-- Data section follows --

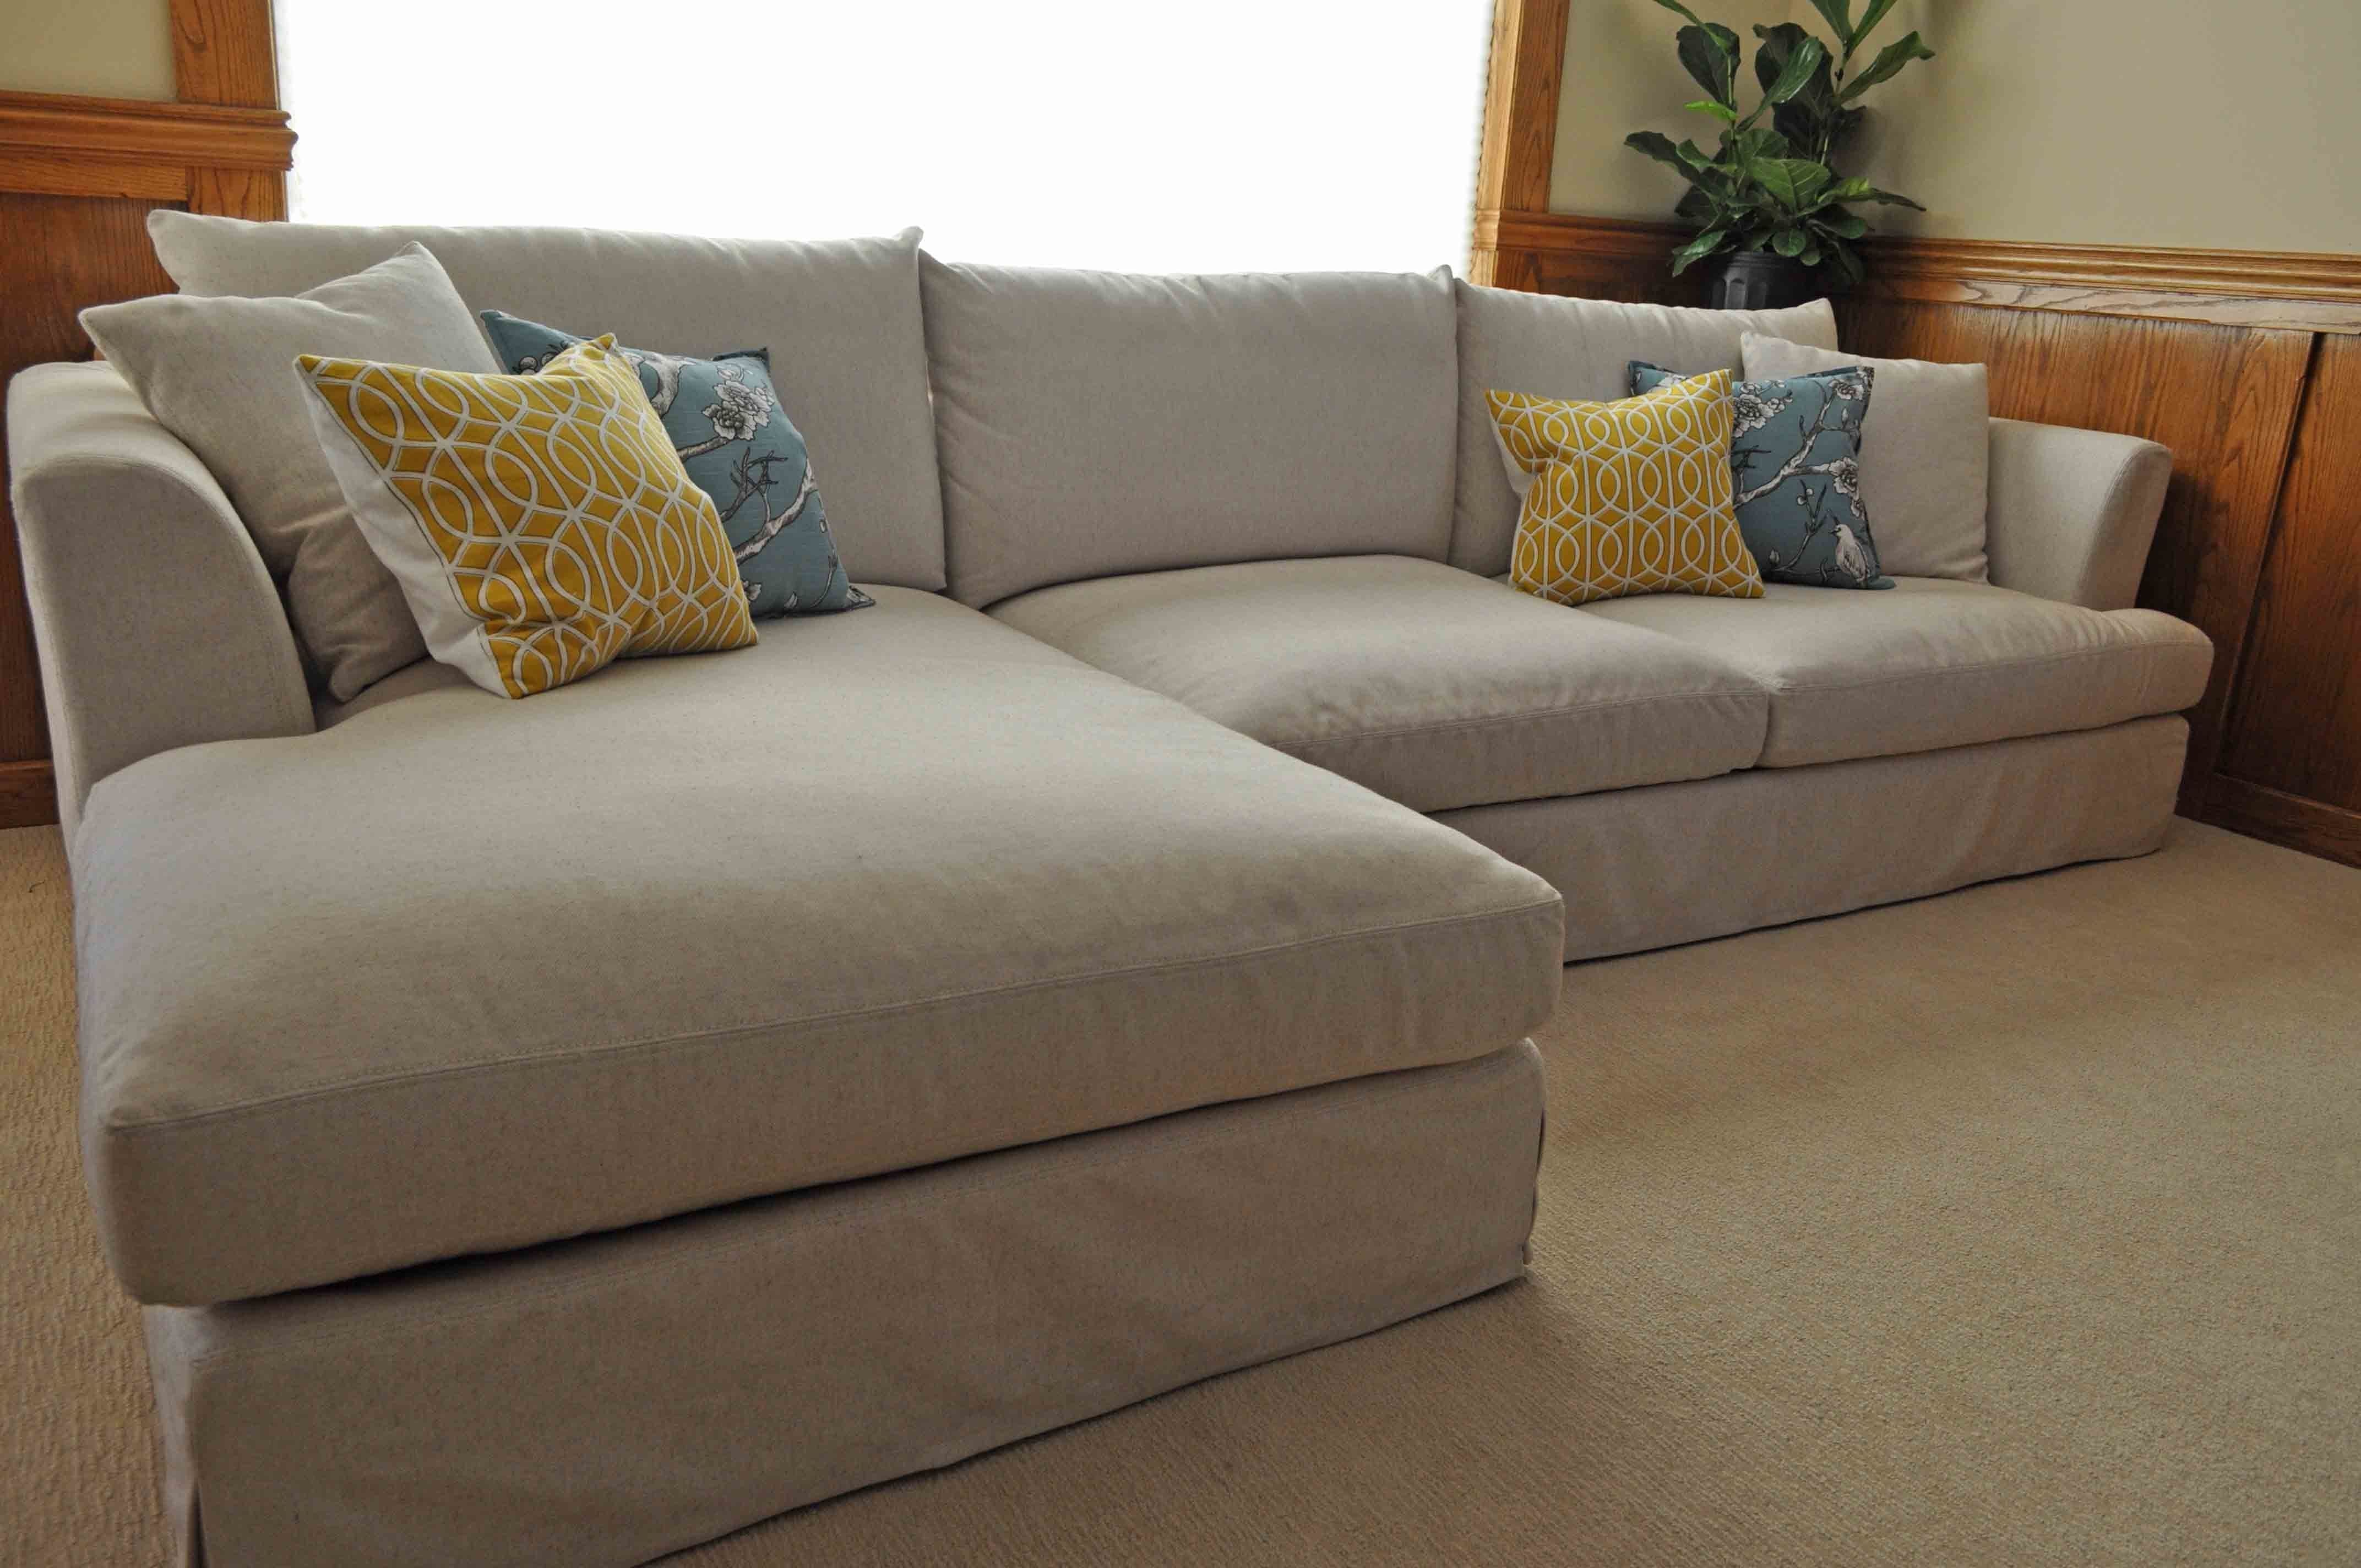 Popular Sofa : Comfortable Sectional Sofas Most Comfortable Sofa Ashley Throughout Comfortable Sectional Sofas (View 1 of 15)
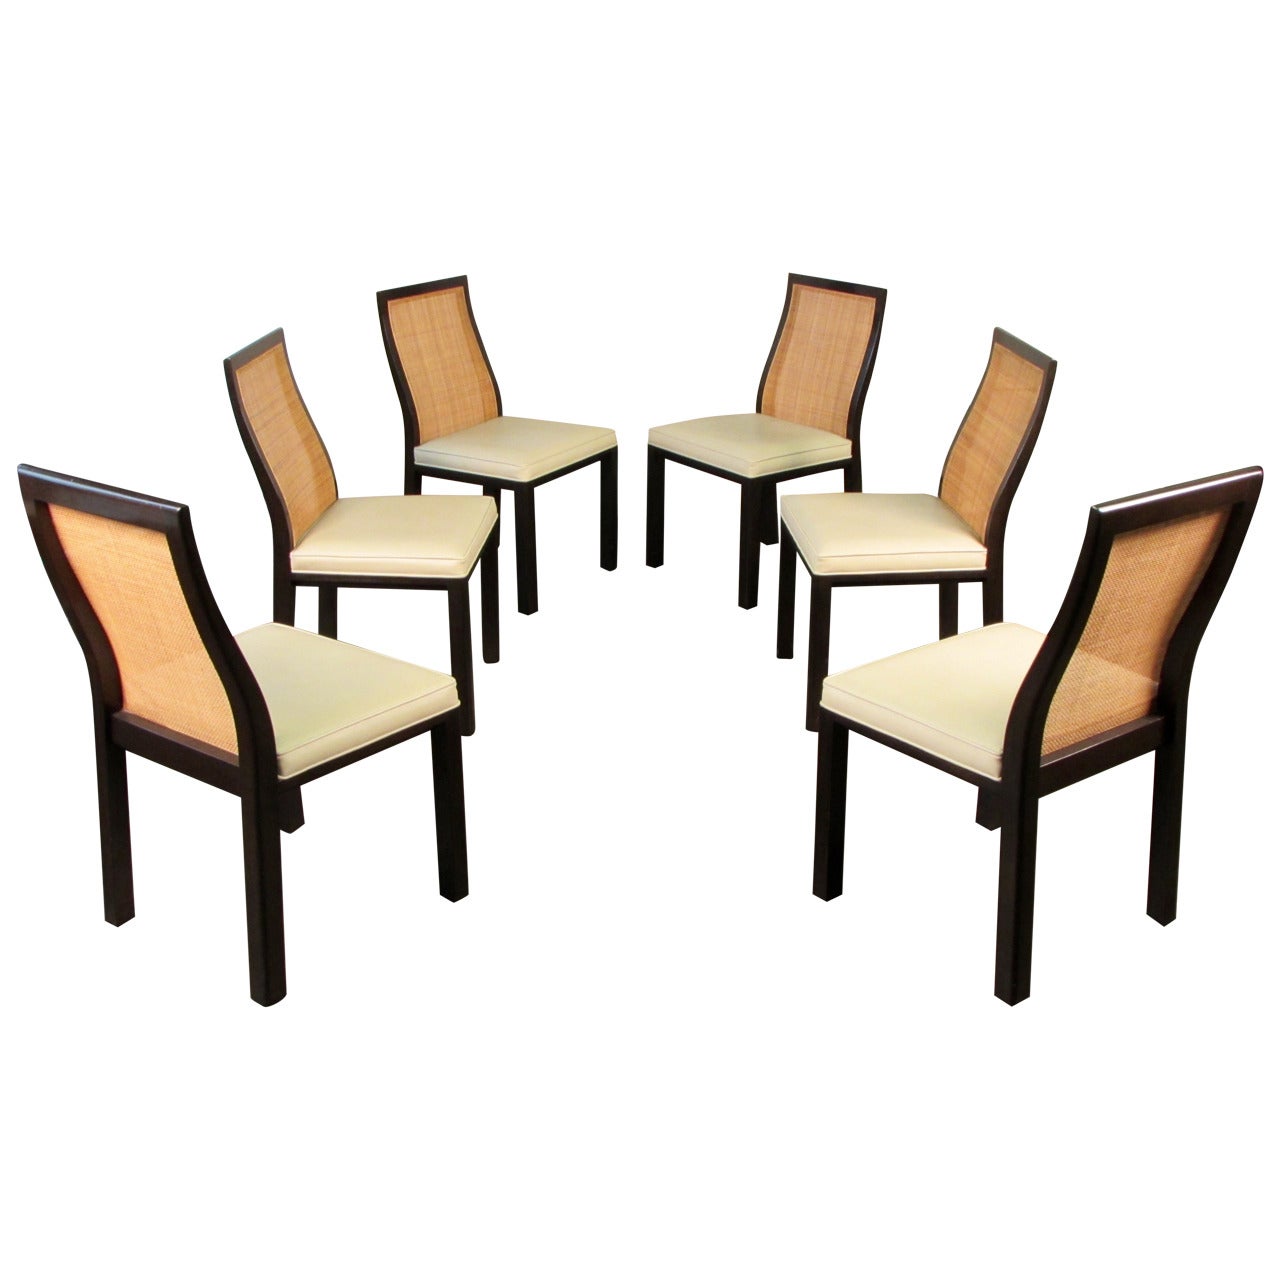 Set of Six Sculptural Mahogany "Otter" Dining Chairs by Harvey Probber, 1965
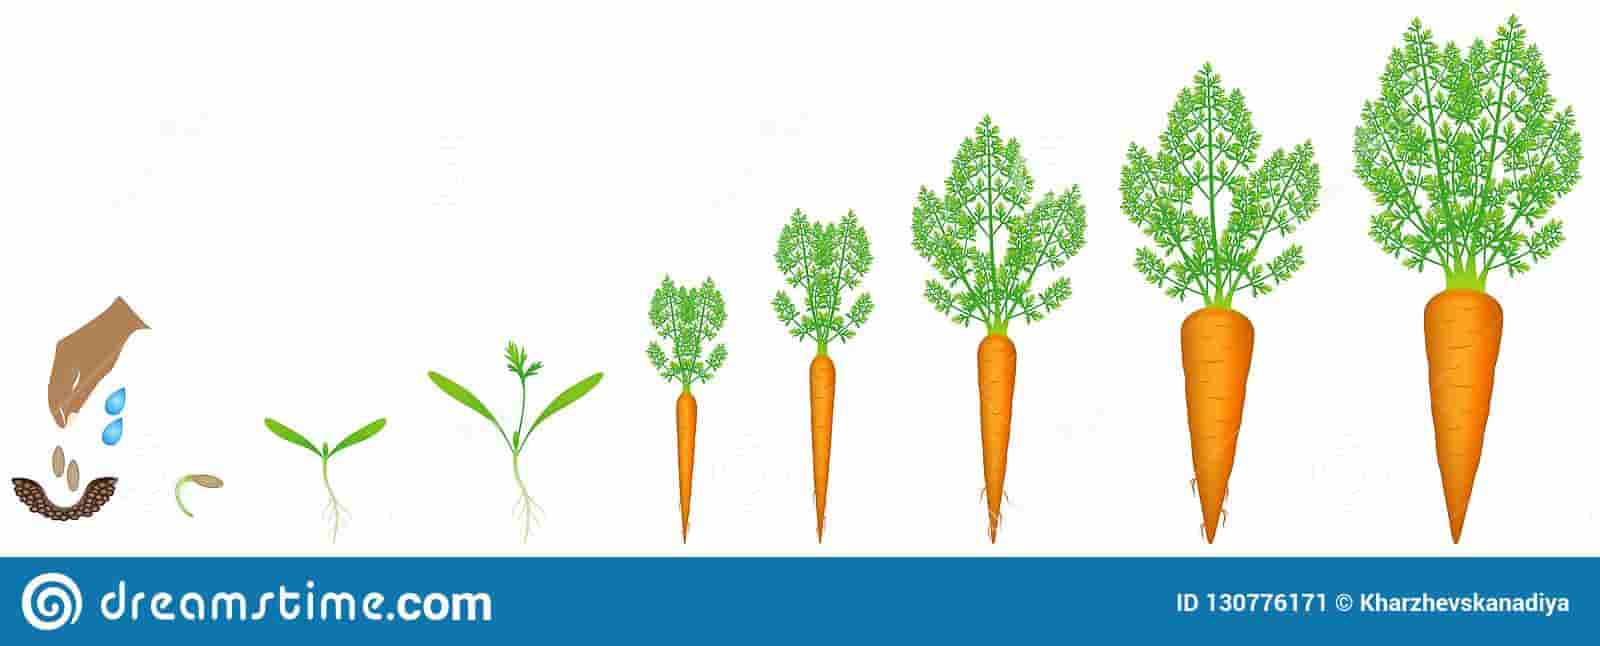 stages-growth-carrot-white-background-beautiful-illustration-130776171
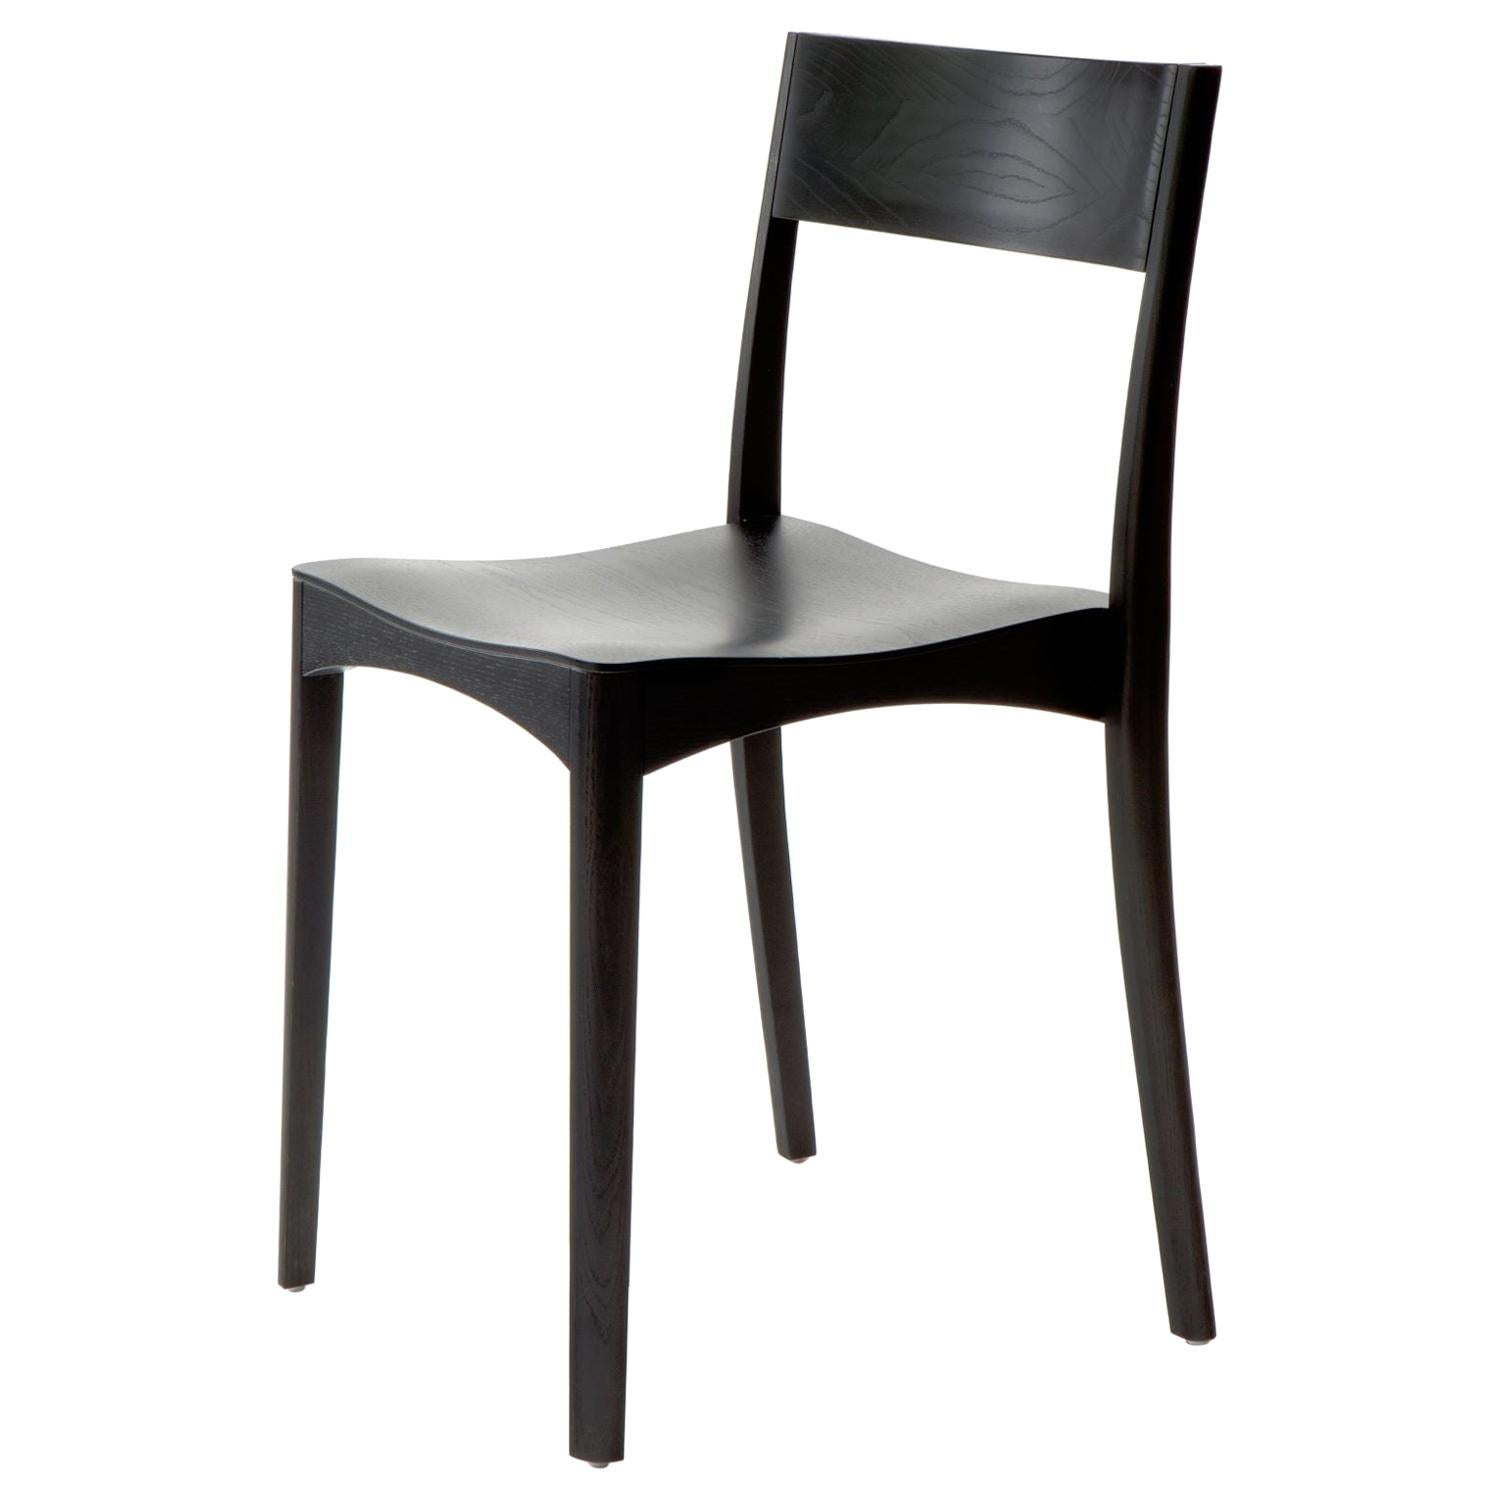 October Light Chair in Ash by Samuli Naamanka For Sale

-- Data section concluded --

■ **What the task asks**
For this exercise, return the data above exactly and leave every picture out.

■ **Response to the exercise**
 Popular Sofa : Comfortable Sectional Sofas Most Comfortable Sofa Ashley Throughout Comfortable Sectional Sofas (View 1 of 15)
 Set of Six Sculptural Mahogany "Otter" Dining Chairs by Harvey Probber, 1965
 stages-growth-carrot-white-background-beautiful-illustration-130776171
 October Light Chair in Ash by Samuli Naamanka For Sale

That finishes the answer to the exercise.